* [Supplied material]
_ _ _ _ _
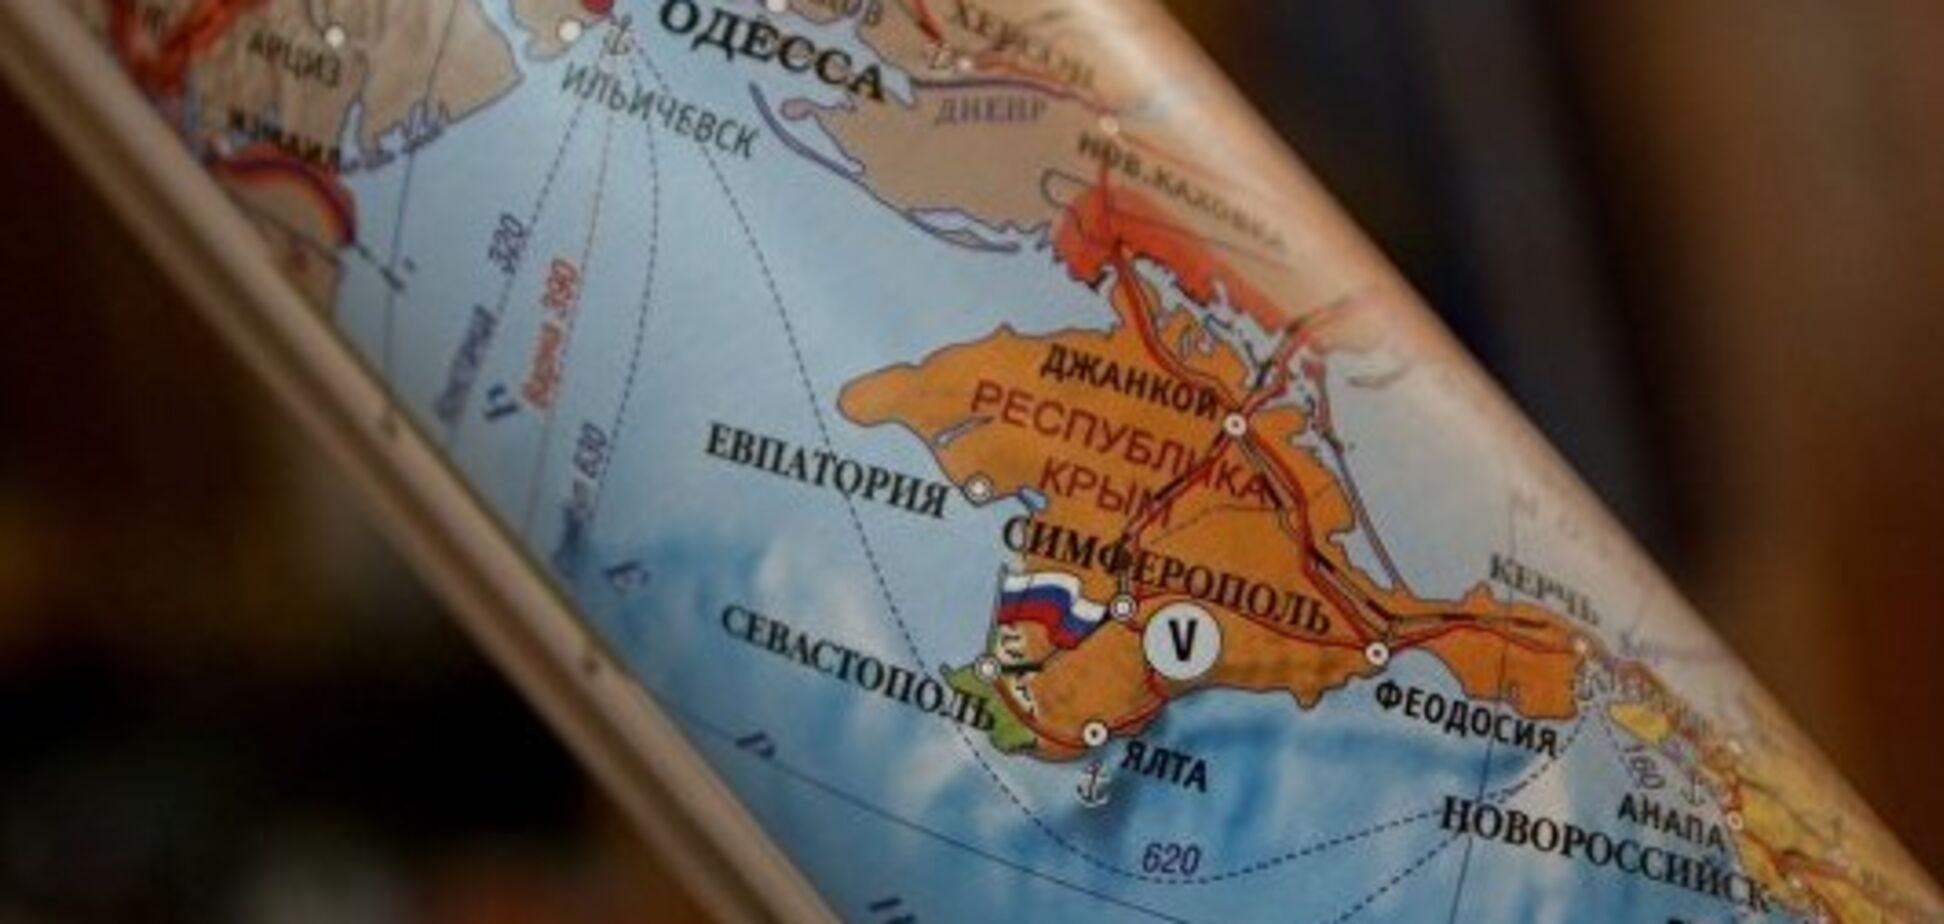 Сжечь старые карты? Россия пошла на масштабную аферу с краденным Крымом
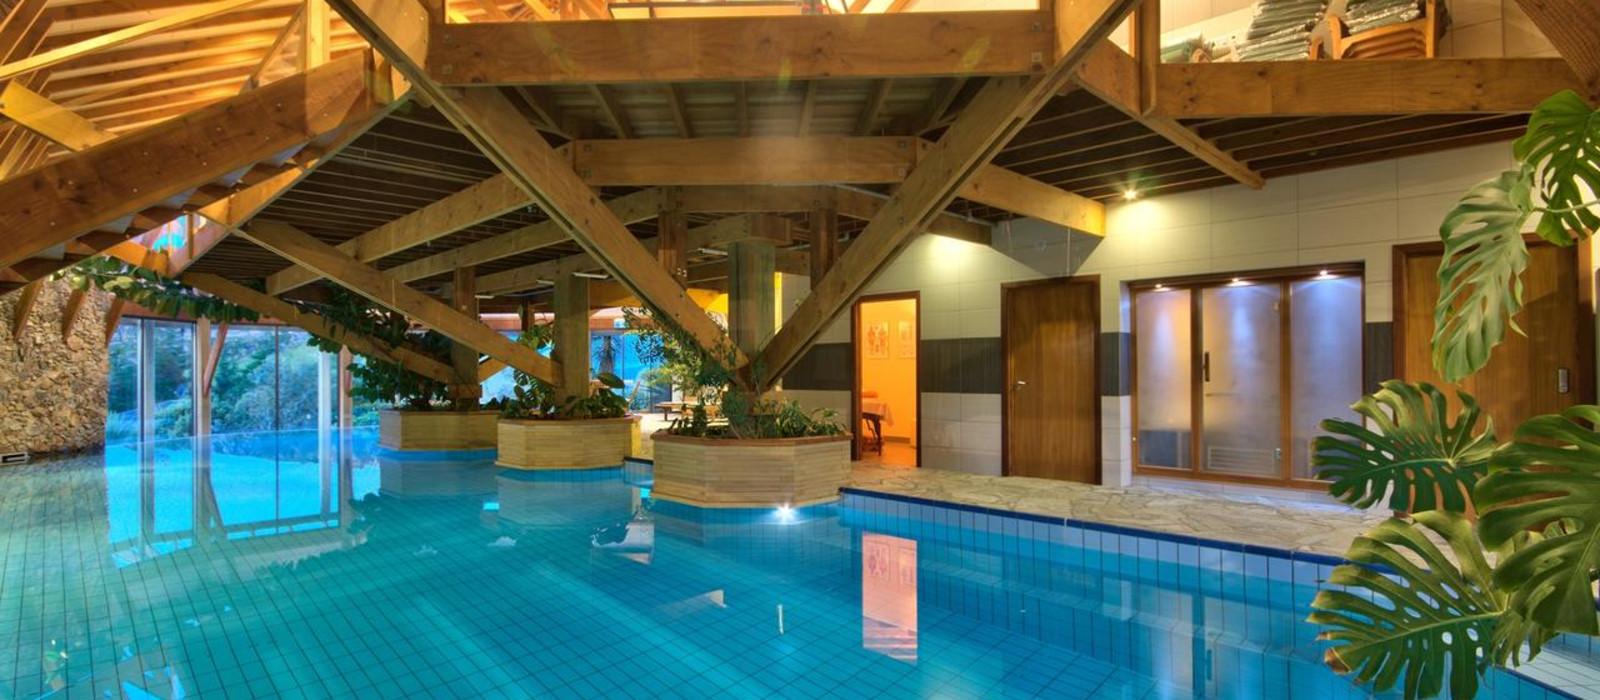 Hotel Westhaven Retreat Luxury Lodge Neuseeland
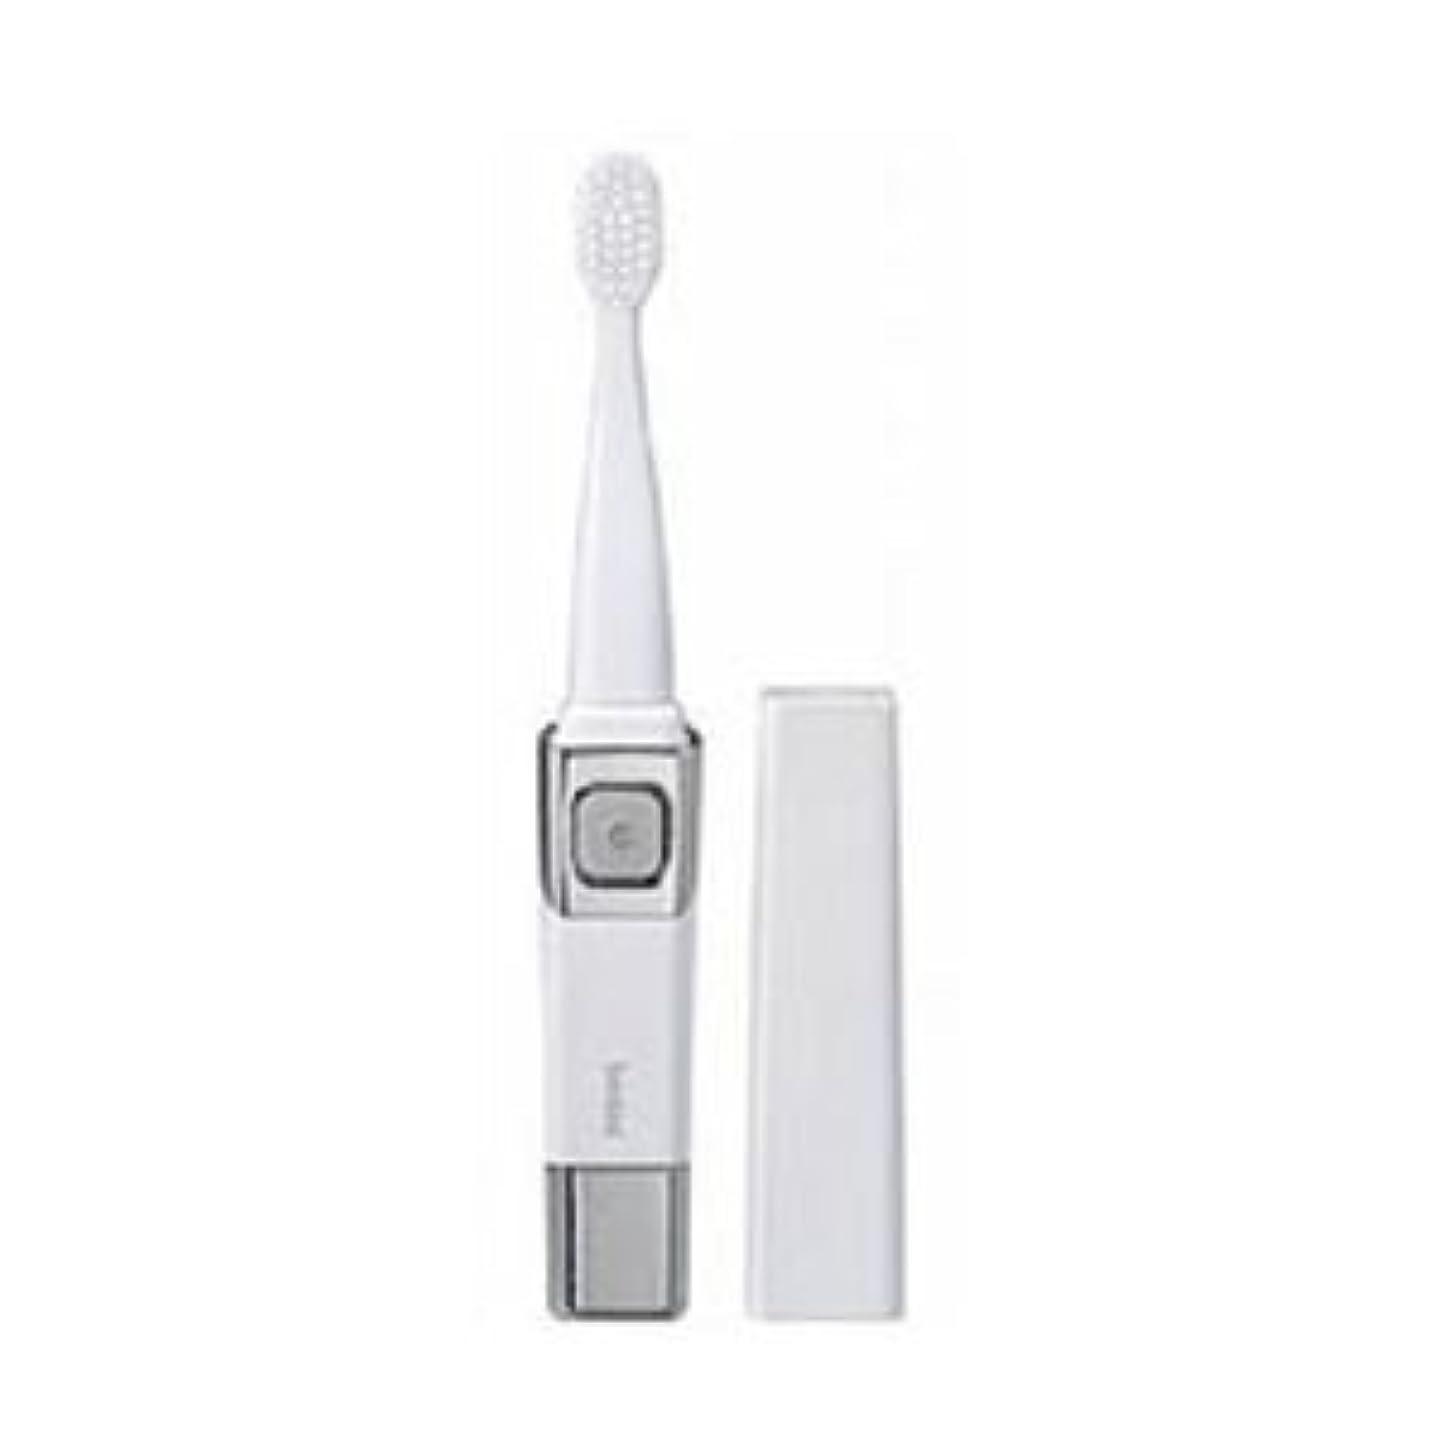 嫌なプール浸漬(まとめ)ツインバード 音波振動歯ブラシ パールホワイト BD-2755PW【×3セット】
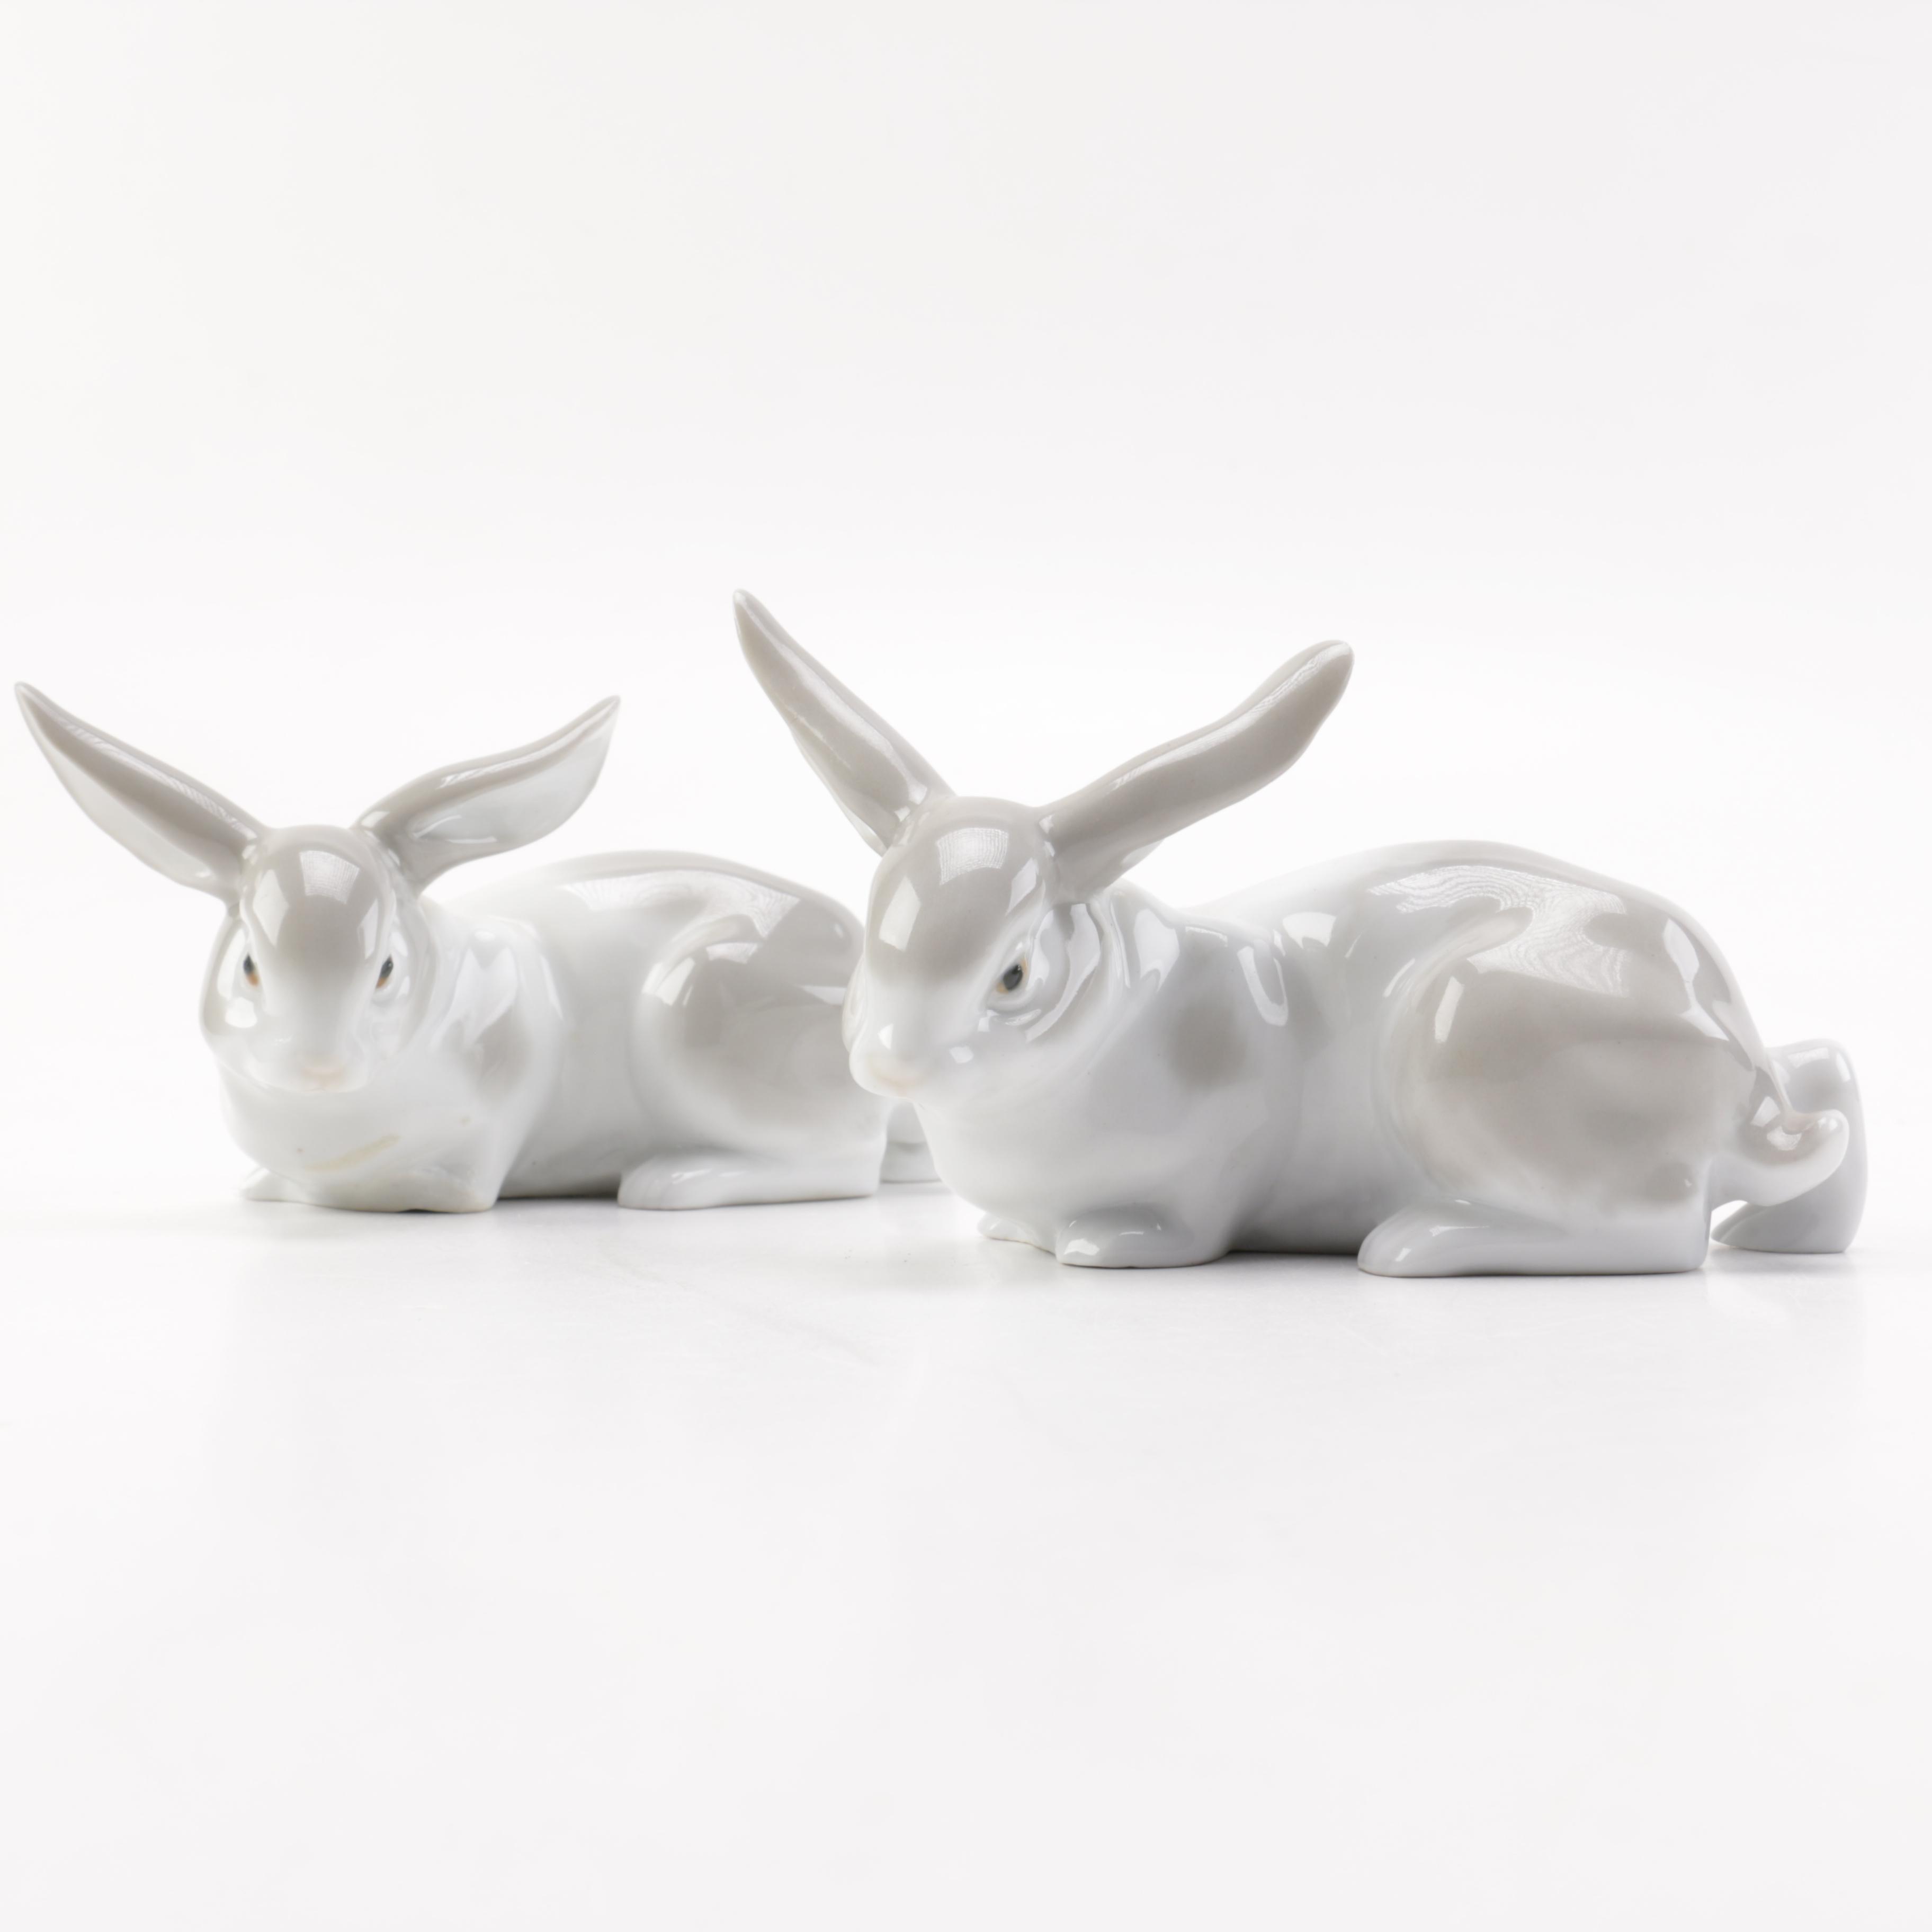 Pair of Ceramic Rabbit Figurines
_ _ _ _ _
* [Exercise instructions]
Would you please retype all the data exactly? Leave out whatever pictures it holds.

* [Your response]
 Сжечь старые карты? Россия пошла на масштабную аферу с краденным Крымом
 Hotel Westhaven Retreat Luxury Lodge Neuseeland
 嫌なプール浸漬(まとめ)ツインバード 音波振動歯ブラシ パールホワイト BD-2755PW【×3セット】
 Pair of Ceramic Rabbit Figurines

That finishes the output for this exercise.